Step 8: Approval. Each aspect of the plan will need approval from the committee. Once the ventilation plan has been defined, facilities professionals should apply the risk ranking for each element of code-dictated spaces, define the testing frequencies and excursion response process for each risk category, and present them to the committee for approval. They also should provide the list of all spaces with ventilation requirements, room usage type, the assigned risk category and associated testing frequency as well as the excursion response plan. In addition, they should provide the written VMP policy. The committee should review and approve all documents. The approval from the committee should be recorded in committee meeting minutes.
Step 9: Maintain the plan. There are several components of the plan that will require regular maintenance and updates. Facilities professionals should present periodic testing results and highlight any excursions at committee meetings. They also should update the room list as change requests are submitted and approved. As part of routine rounding, each space should be evaluated to ensure that activities in the room or the room signage have not changed. Facilities professionals should stay on top of the code and update the committee as changes occur. Additionally, they should stay current on code adoptions by TJC and evaluate the VMP with each adoption.
Sustaining compliance
A VMP will ensure that critical care areas and noncritical care areas meet the requirements to achieve and sustain compliance as required by TJC’s Environment of Care Standard 02.05.01, Elements of Performance 15 and 16. Additionally, coordination within cross-divisional teams will contribute to more successful regulatory surveys.

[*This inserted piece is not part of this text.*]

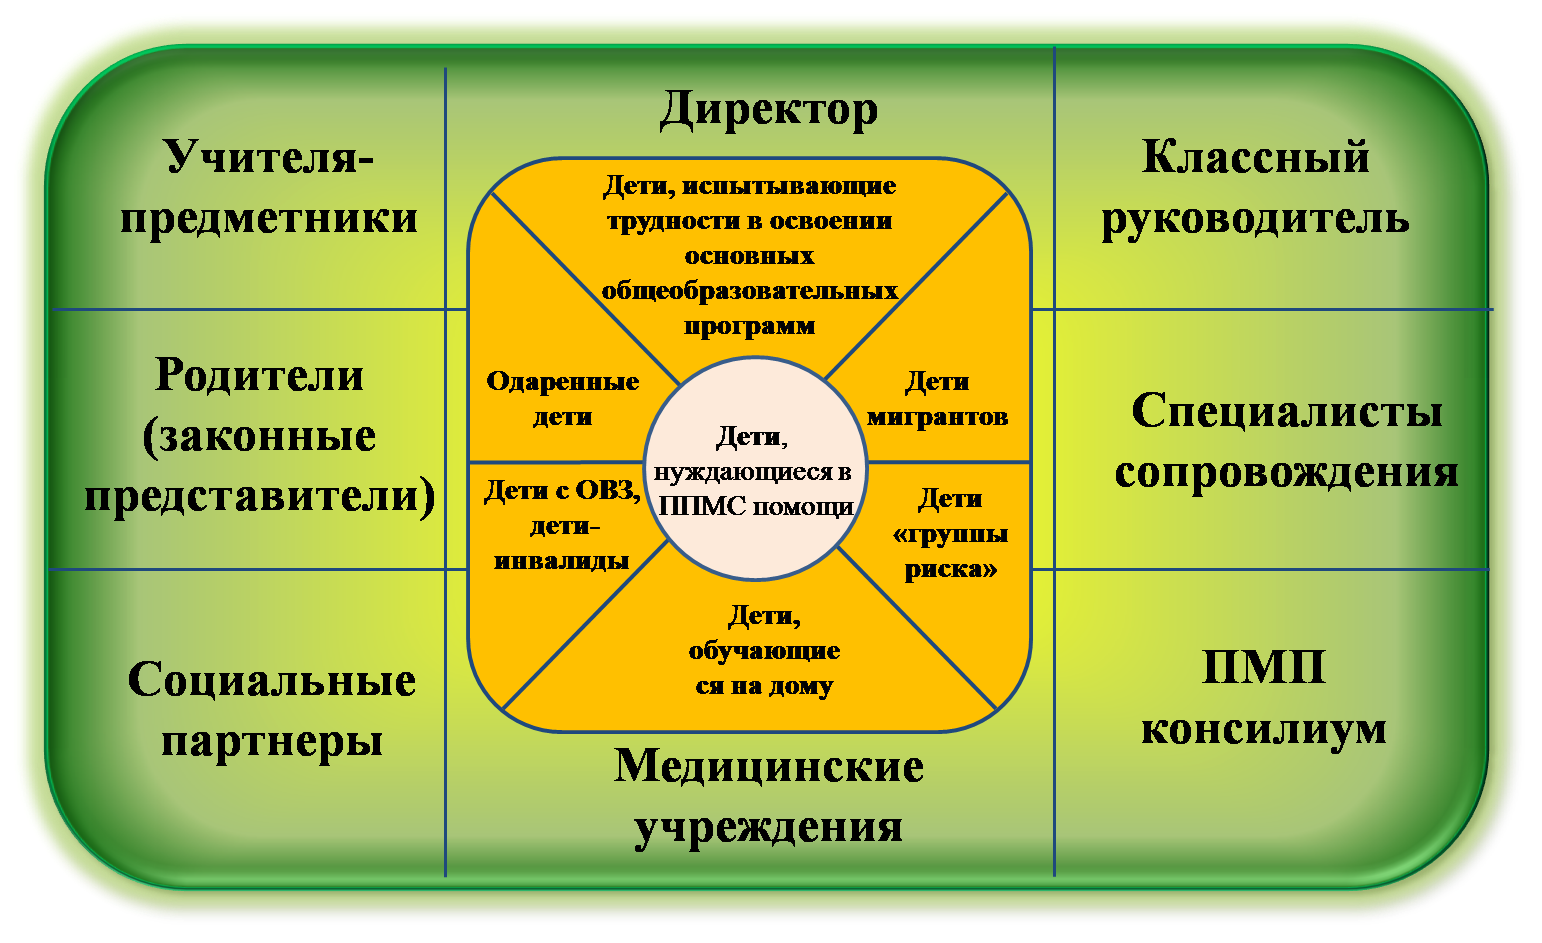 Организационная структура ППМС-службы

The plan also will align cross-divisional efforts to provide a standardized, risk-based review of spaces; their specific ventilation, temperature and humidity requirements; and establish common language and processes related to ventilation and HVAC requirements. Ultimately, a VMP will make the hospital a safer place for patients to heal.
[Editor’s note: A paragraph encouraging readers to adopt newer versions of ANSI/ASHRAE/ASHE Standard 170 was removed from this article. ASHE does not encourage such actions.]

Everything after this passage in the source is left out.